Indian actress, singer, and model (born 1956)

Kalpana Iyer (born 26 July 1956) is a former Indian actress and singer, best known for her work in Hindi cinema in the 1980s and 1990s. She appeared in over 100 films and became renowned for her performances in popular dance numbers, as well as for her supporting and guest roles.

== Career ==

=== Pageantry ===
She was the first runner-up at Miss India in 1978. She went on to represent her country at the Miss World 1978 beauty pageant where she was a top 15 semi-finalist.

=== Acting ===
Kalpana mostly appeared as a vamp woman in a number of Hindi films, continuing in the tradition of Bindu, Helen and Aruna Irani.
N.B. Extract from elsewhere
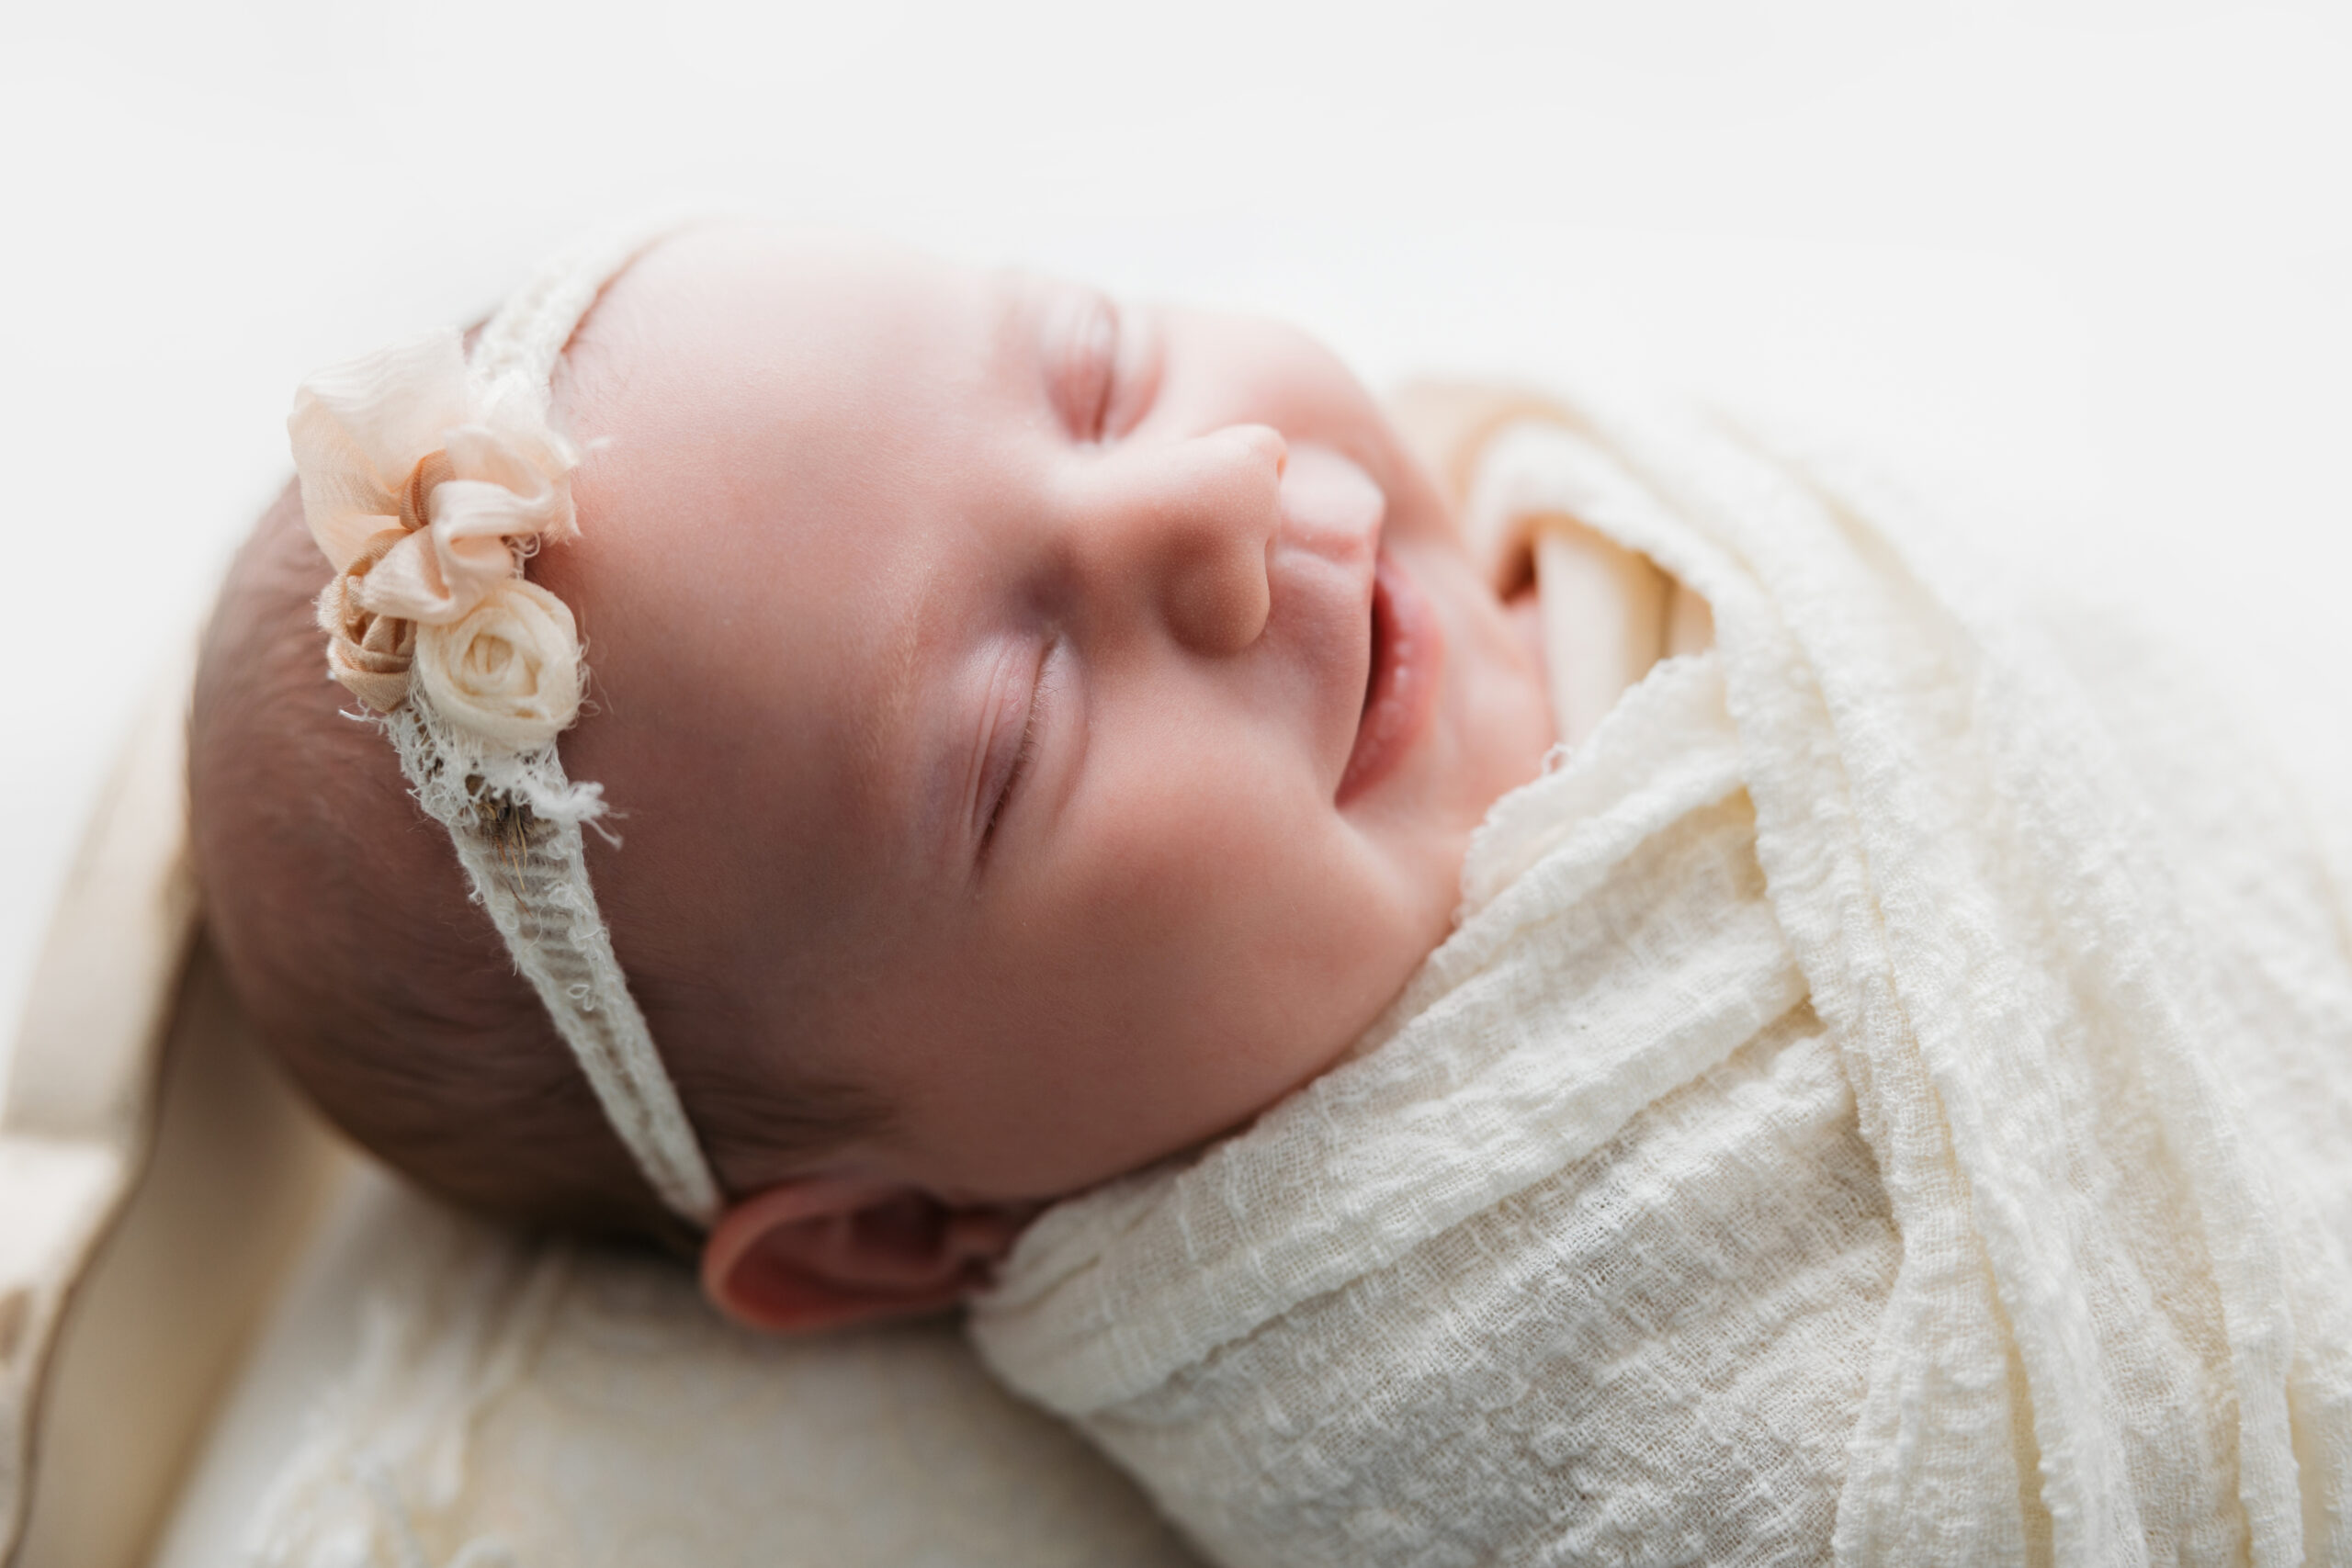 Newborn baby smiling in sleep, wrapped in a delicate cream swaddle with a floral headband

Some of her famous dance numbers are "Hari om Hari" in Pyaara Dushman (1980), "Tu Mujhe Jaan" in Wardat (1981) and "Rambha Ho" in Armaan (1981). Some of her renowned films are Satte Pe Satta (1982), Disco Dancer (1982), Anjaam (1994), Raja Hindustani (1996), and Hum Saath Saath Hain (1999). She was critically acclaimed for her performance as a prison warden in Anjaam which also featured Bollywood superstars Madhuri Dixit and Shah Rukh Khan. As of 2019, Iyer has appeared in a variety of films, as well as working on television.

=== Other ventures ===
Iyer also dabbled in singing, and performed in shows. She was the manager of a restaurant in Dubai called "The Moghul Room" which was owned by former Bollywood actor Rajan Sippy.

== Personal life ==
She was born in a Tamil Brahmin family Despite being considered as one of the bold actresses of her time, Iyer mentioned how she had a rather conservative mindset and was often misunderstood. Iyer told FirstPost in 2019:

"I was always misunderstood, you know, as the ‘it-girl’ personifying glamour and oomph. A Miss India, a model, an actress. Everyone assumed I was bold but I was actually very simple… God-fearing, always concerned about ruffling the feathers of my conservative Tam Bram family who were quiet and simple, and into Carnatic music… telling too many white lies to protect too many people."
— Kalpana Iyer

== Filmography ==
=== Film ===

| Year | Film | Role |
|---|---|---|
| 1980 | Lootmaar | Dancer |
| 1980 | Pyaara Dushman | Dancer |
| 1980 | Manokaamnaa | Sonia(Lead role) |
| 1981 | Poonam |  |
| 1981 | Hum Se Badkar Kaun | Shalu |
| 1981 | Wardat | Dancer |
| 1981 | Armaan | Dancer |
| 1981 | Kudrat | Dancer |
| 1982 | Satte Pe Satta | Ranjeet's Mistress |
| 1982 | Disco Dancer | Nikki Brown |
| 1982 | Waqt Ke Shehzade |  |
| 1982 | Sawaal | Dancer |
| 1983 | Chor Police | Ruby |
| 1984 | Hum Hain Lajawab | Alif-Laila |
| 1984 | Nallavanukku Nallavan | Dancer |
| 1985 | Ameer Aadmi Gharib Aadmi |  |
| 1988 | Zakhmi Aurat | Kanta |
| 1989 | Mil Gayee Manzil Mujhe | Kamini |
| 1989 | Abhi To Main Jawan Hoon |  |
| 1990 | Tum Mere Ho | Nagin |
| 1994 | Laadla | Kamini |
| 1994 | Anjaam | Jail Warden |
| 1995 | Gundaraj | Public Prosecutor |
| 1996 | Raja Hindustani | In song "Pardesi Pardesi" |
| 1999 | Hum Saath Saath Hain | Shobha Gupta |
| 1999 | Kadhalar Dhinam (Tamil) | Raja's mother |

=== Television ===

Year: Serial; Role; Channel
1992-1993: Kashish; Mrs. Anand (Rahul's mother); DD National
1994: Junoon; Parvati
Chandrakanta: Dum Dumi Maai
Farmaan: Tasneem Pasha
Banegi Apni Baat: Zee Tv
Margarita: Margarita; "Elena Mai"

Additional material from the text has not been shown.